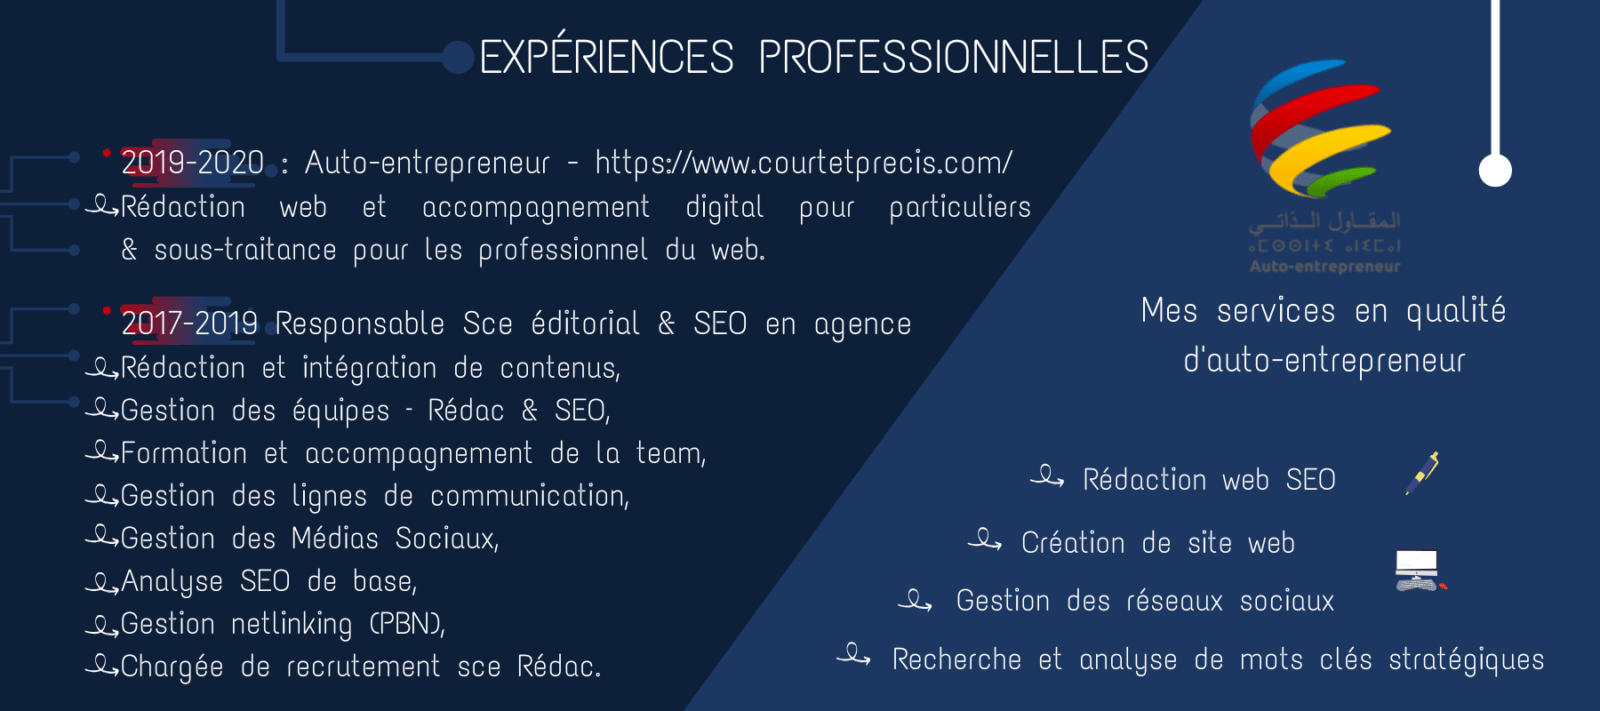 EXPÉRIENCES-PROFESSIONNELLES
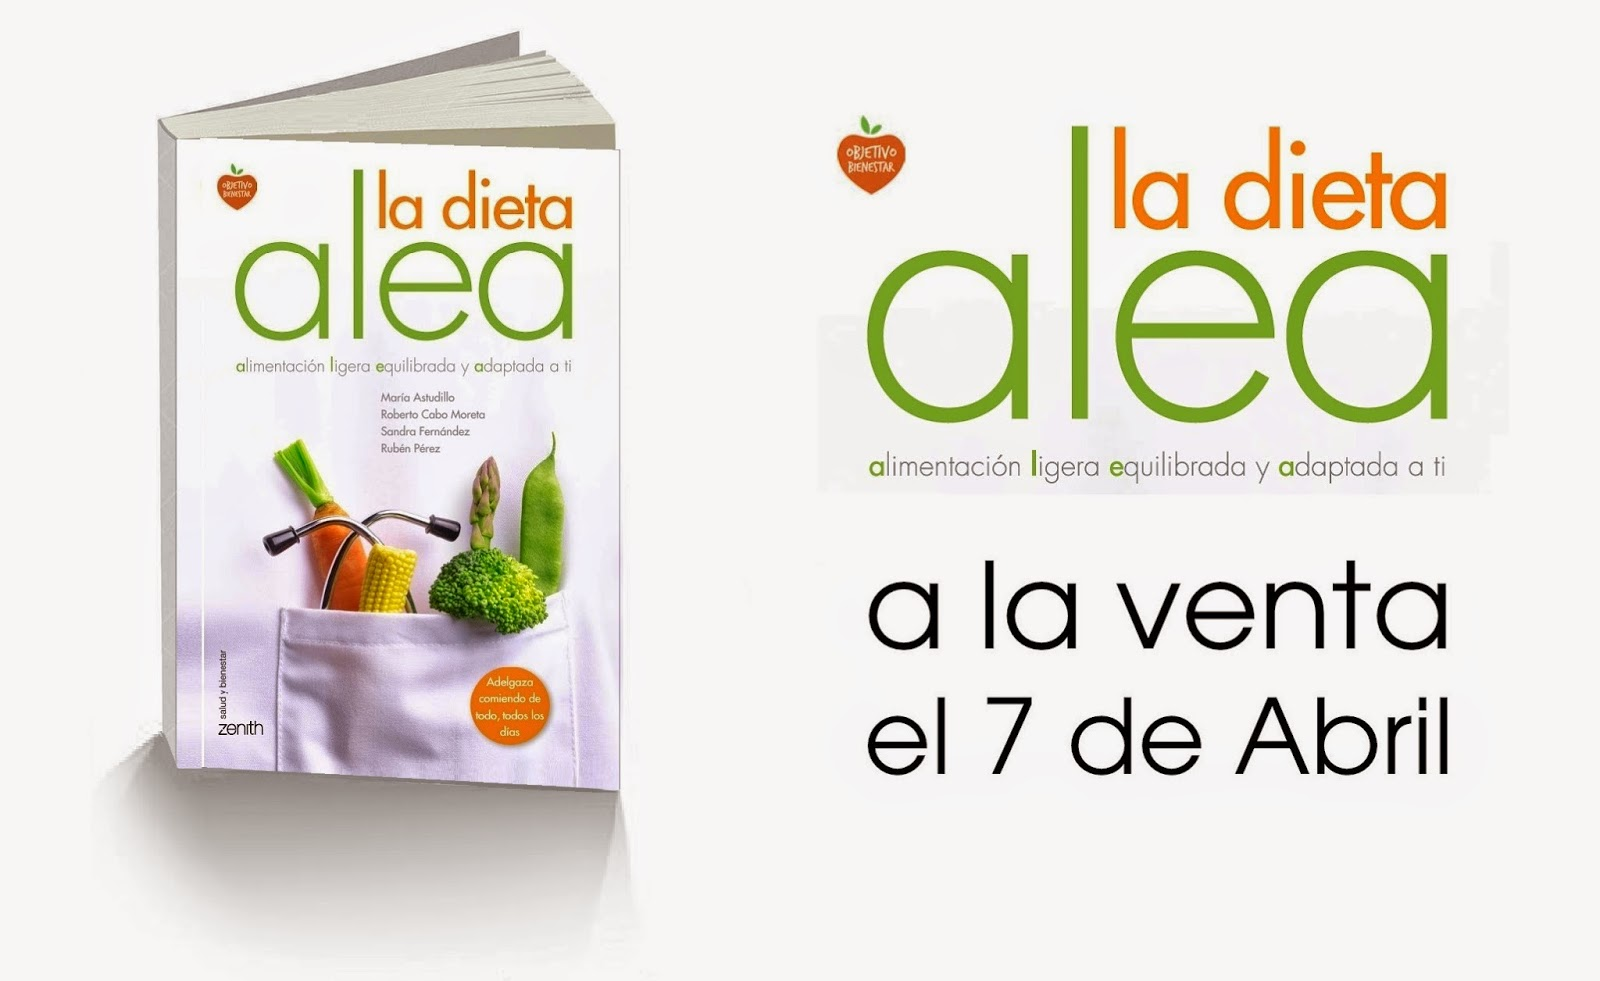 la dieta di alea pdf
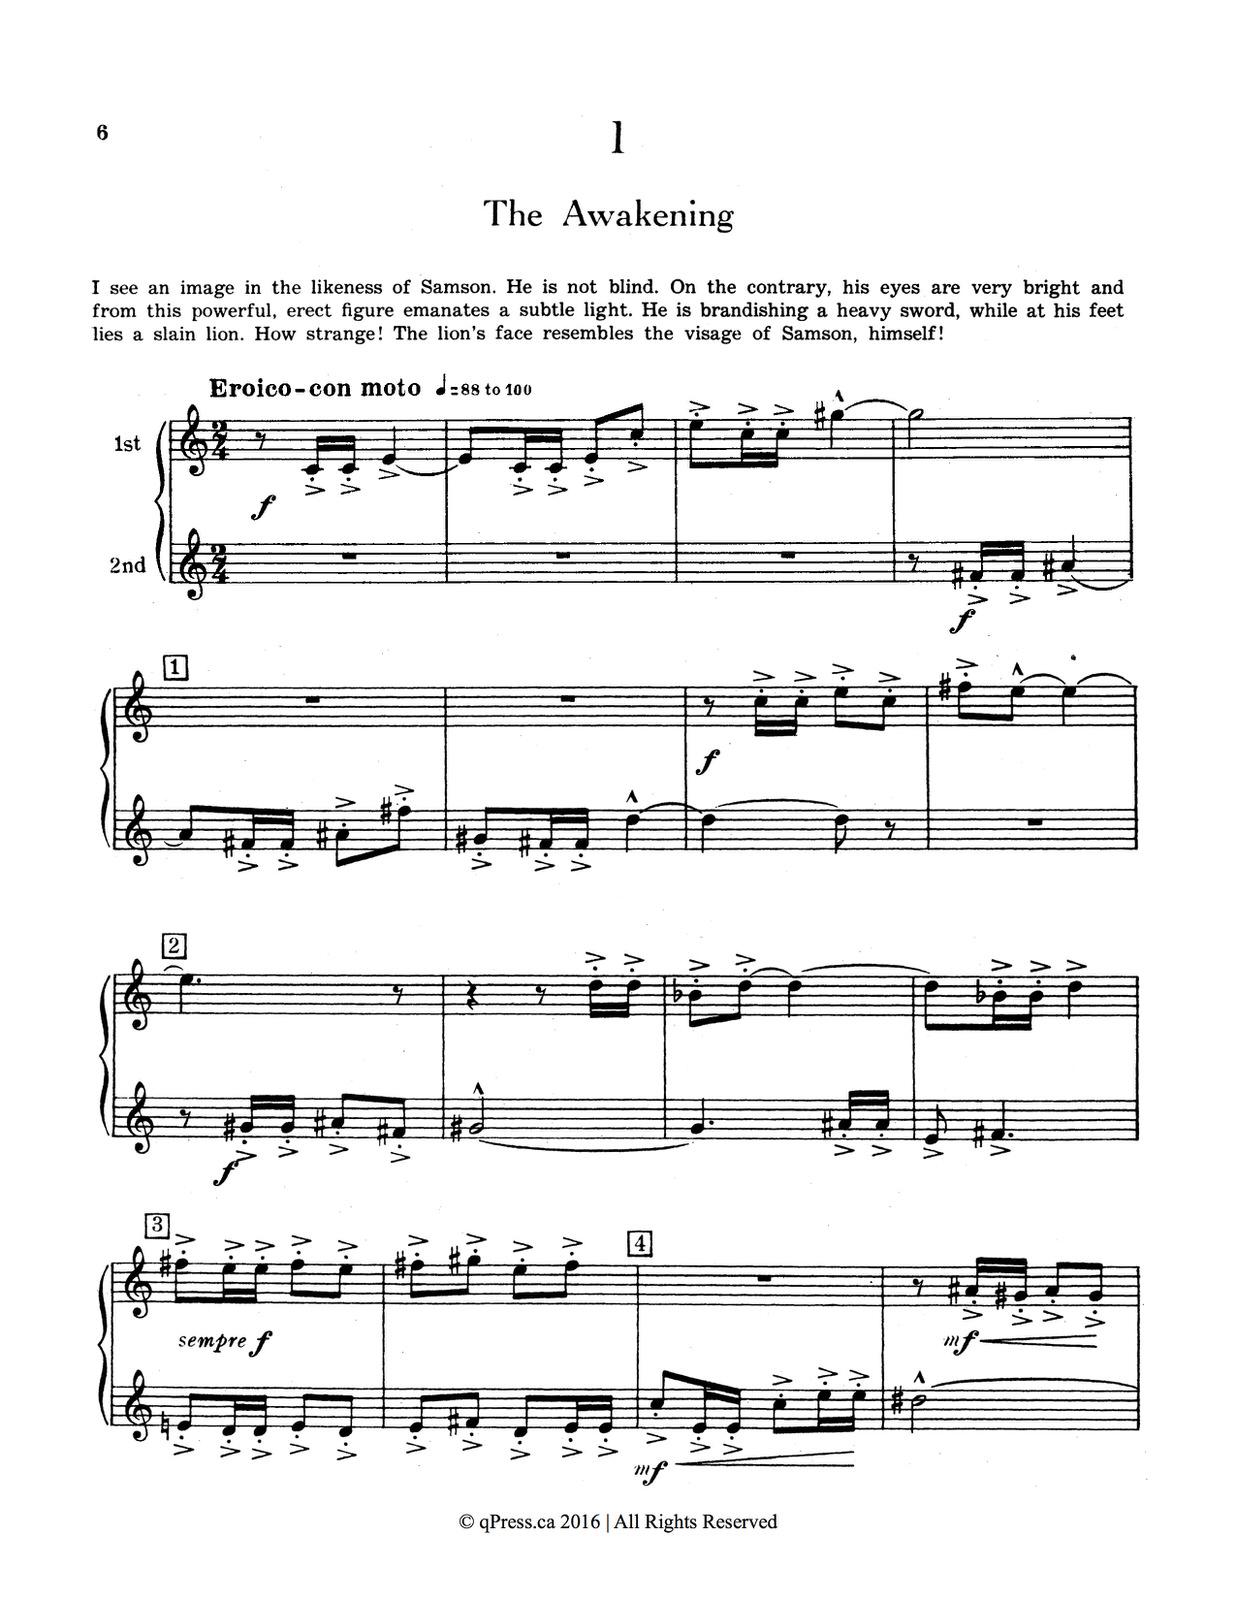 Clean Coscia, Sylvius 20 Original Duets for Trumpet or Cornet Book 1 3
● ● ● ● ●
▶ **WHAT THE TASK ASKS**
Reprint the listing above exactly, without images.

▶ **RESPONSE BOX**
 EXPÉRIENCES-PROFESSIONNELLES
 la dieta di alea pdf
 Clean Coscia, Sylvius 20 Original Duets for Trumpet or Cornet Book 1 3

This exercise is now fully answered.